[ZODB-Dev] B-tree enhancement : interval search.

Thu Sep 4 18:55:38 EDT 2003

On Thu, Sep 04, 2003 at 03:48:58PM +0400, Vladimir Voznesensky wrote:
> Imagine, that we have a B-tree of N-letters words sorted in alphabetical 
> order.
> Let's we need to find all the strings satisfying a specific template 
> consisting of letters and "?" wildcards.
> For example, a?b or ?c?.
> The traditional approach for a?b is to find the first a?? word and 
> iterate sequentially while first letter is a.
> The traditional approach for ?c? is to iterate over all of words (or 
> call [a-z]c searching for every letter in the alphabet).
> Is it optimal? No.
> In many cases we can eliminate some pages and some parts of pages, for 
> example, [abc,aca] interval needs not to be checked for a?b. We can use 
> real distribution of words in specific B-tree to accelerate searching.

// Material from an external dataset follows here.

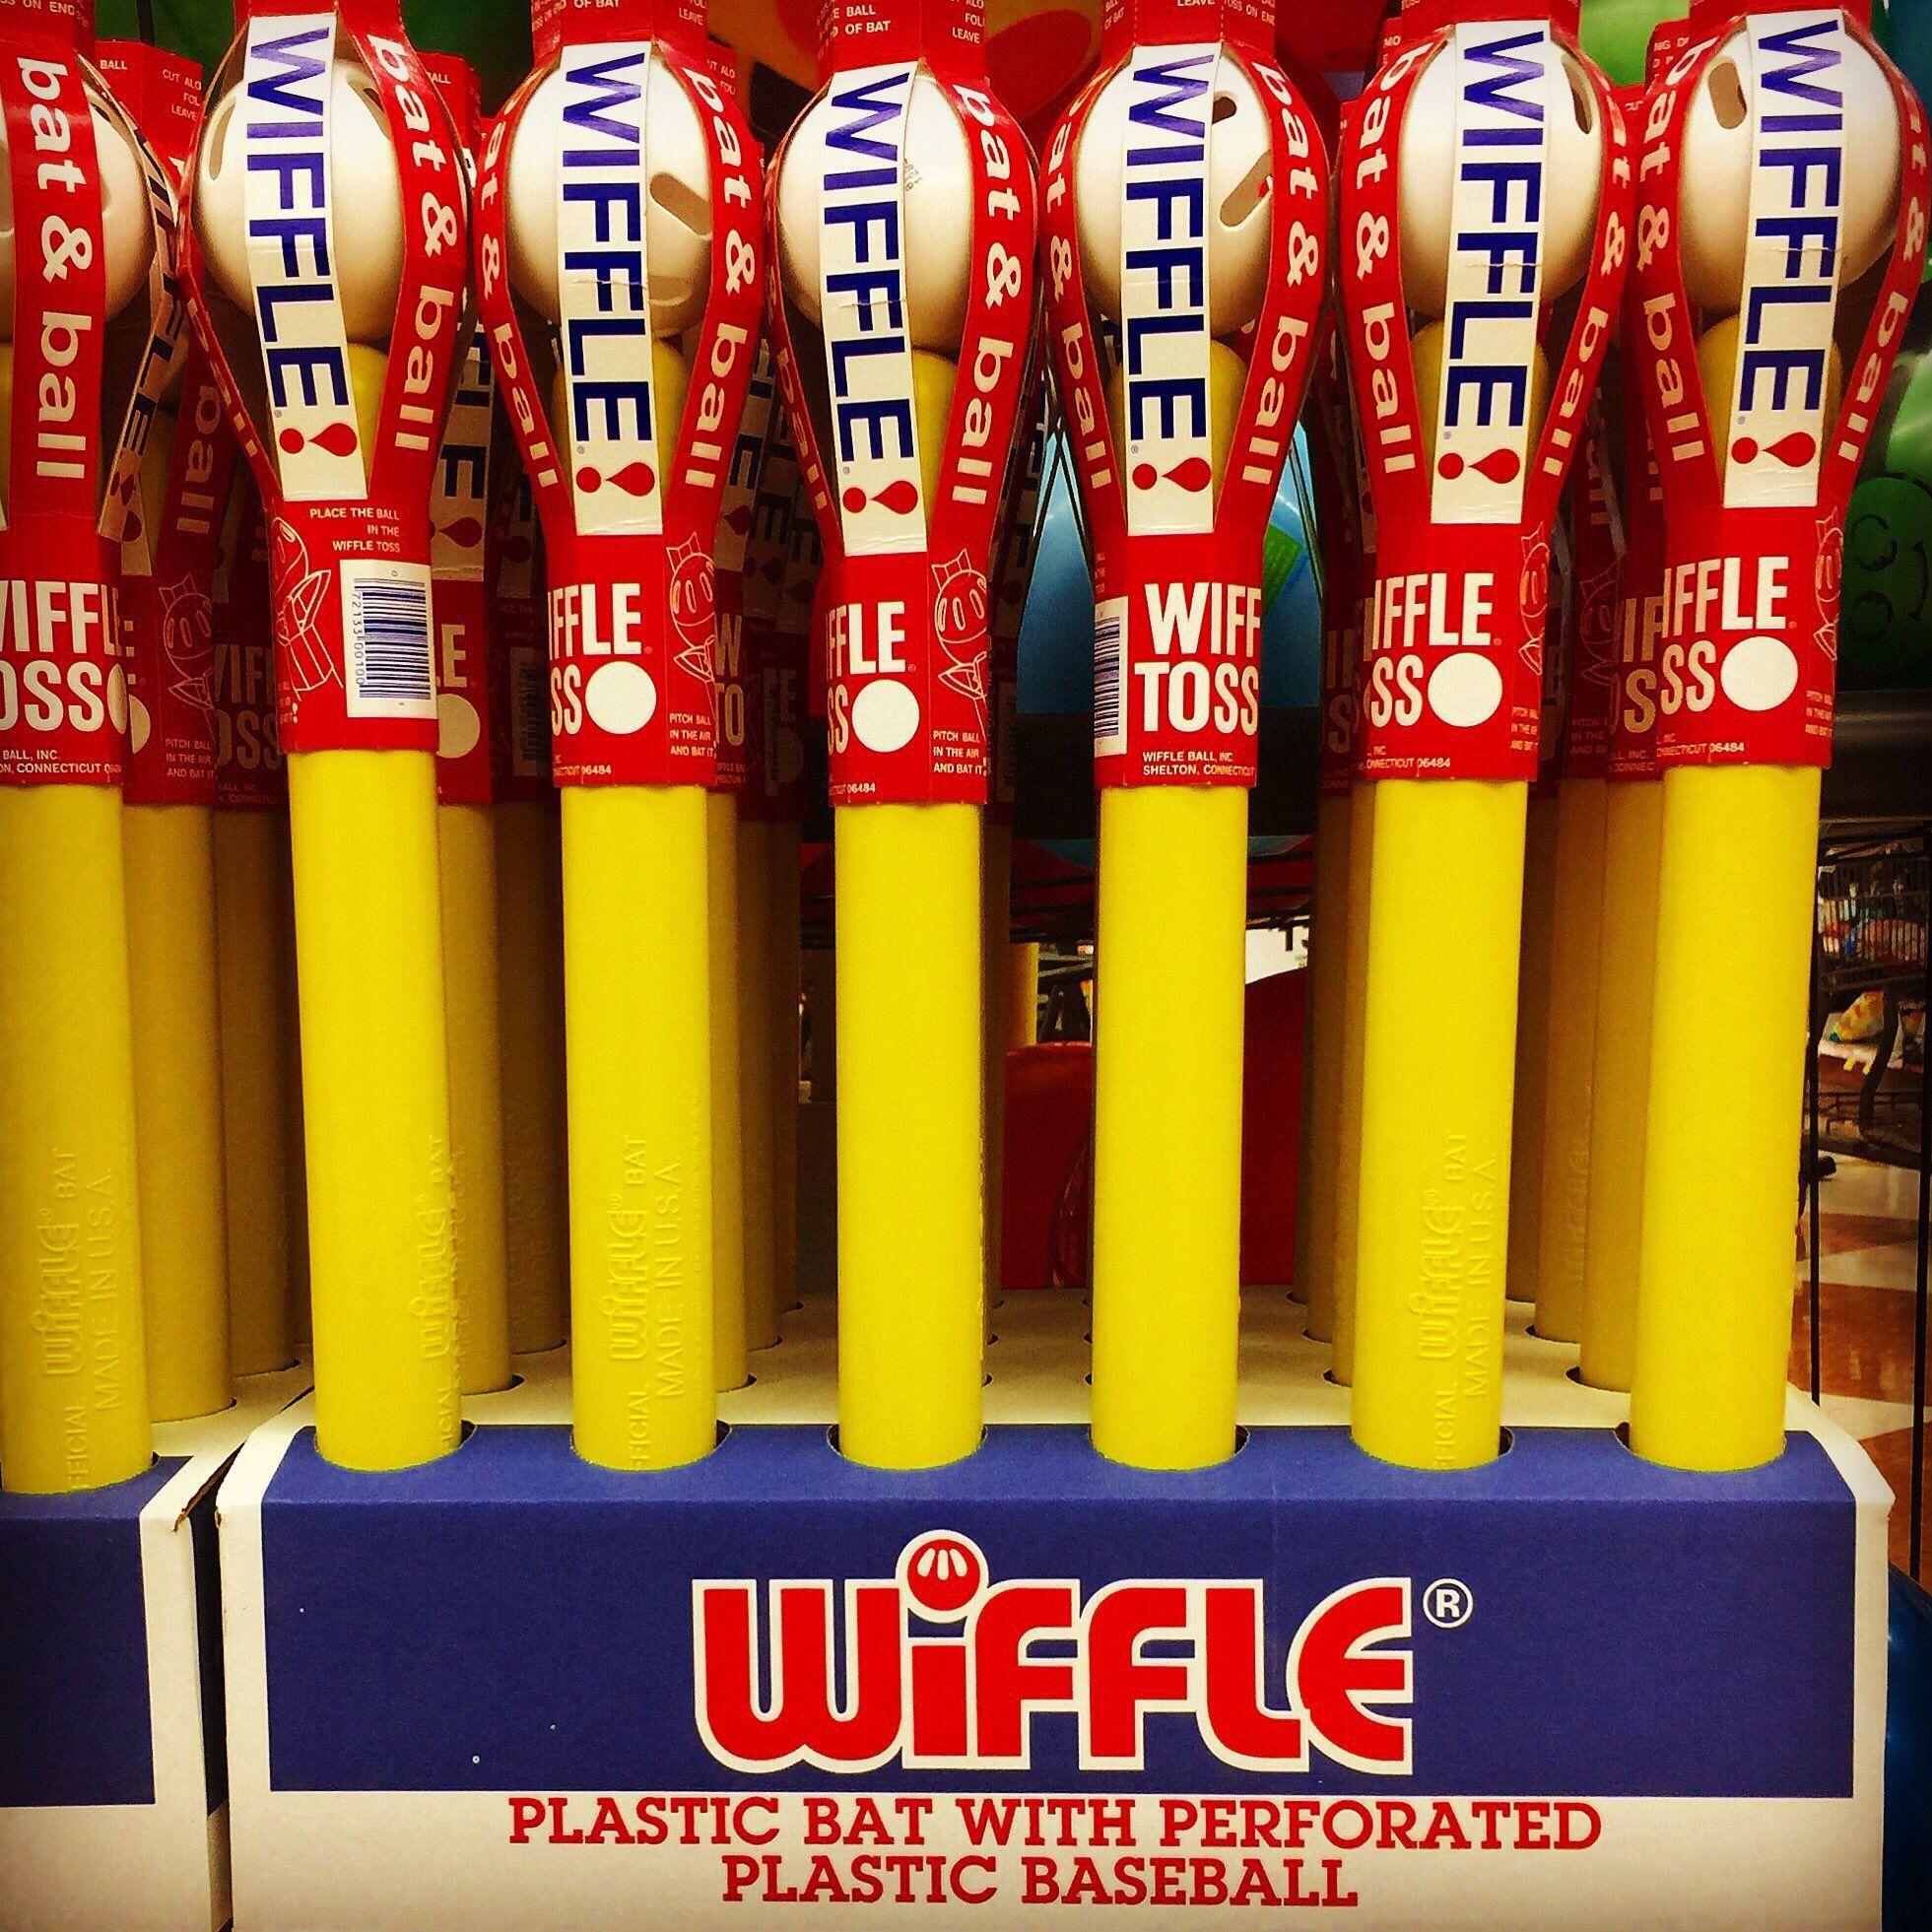 WIFFLE® Ball! #Wiffle #Wiffleball #Wiffleballinc

This is an awesome feature; we could *really* use this in IndexedCatalog
to speed up string queries, which is one of the top requests we get from
our users.

> I'm a new fellow in Zope. I'm ready to realize such an extention by 
> myself, but I do not understand, how to organize my interaction with  
> Zope folks: how to make feature requests, how to propagate my code, etc.
> As for Berkeley DB, SleepyCat Software disagreed to add my feature to 
> their source tree, because their customers are not interested in such 
> extention.

The main problem you'll have with the ZODB team is that everybody's
always so damned busy <wink>. I found the best way to work with them is
to persist -- if you don't get an answer, wait a bit, and repost. While
coding, follow the standards of the code around you -- you'll see there
are about 4000 lines of C code (and about 2000 of python) in the BTrees
package that should provide a good guide for whatever new implementation
you start.

You might want to post a short proposal indicating some basic choices
-- class names, file names, module organization -- to get a feel for
what sort of conventions people prefer, and the level of acceptance your
feature garners.

Having said all that, if you *do* have a hard time getting code
integrated, I don't imagine it would be hard to write an add-on for the
BTrees package in the ZODB distribution and ship it separately.

> My algorythm accelerates searching in many cases from times to 
> magnitudes (depending on template and data variations) comparing to 
> traditional approach of standard Berkeley DB API. I'd like to have and 
> use the same thing in ZODB.

Question: does the template necessarily have a fixed number of
characters, or is something like the * wildcard supported too?

Take care,
--
Christian Reis, Senior Engineer, Async Open Source, Brazil.
http://async.com.br/~kiko/ | [+55 16] 261 2331 | NMFL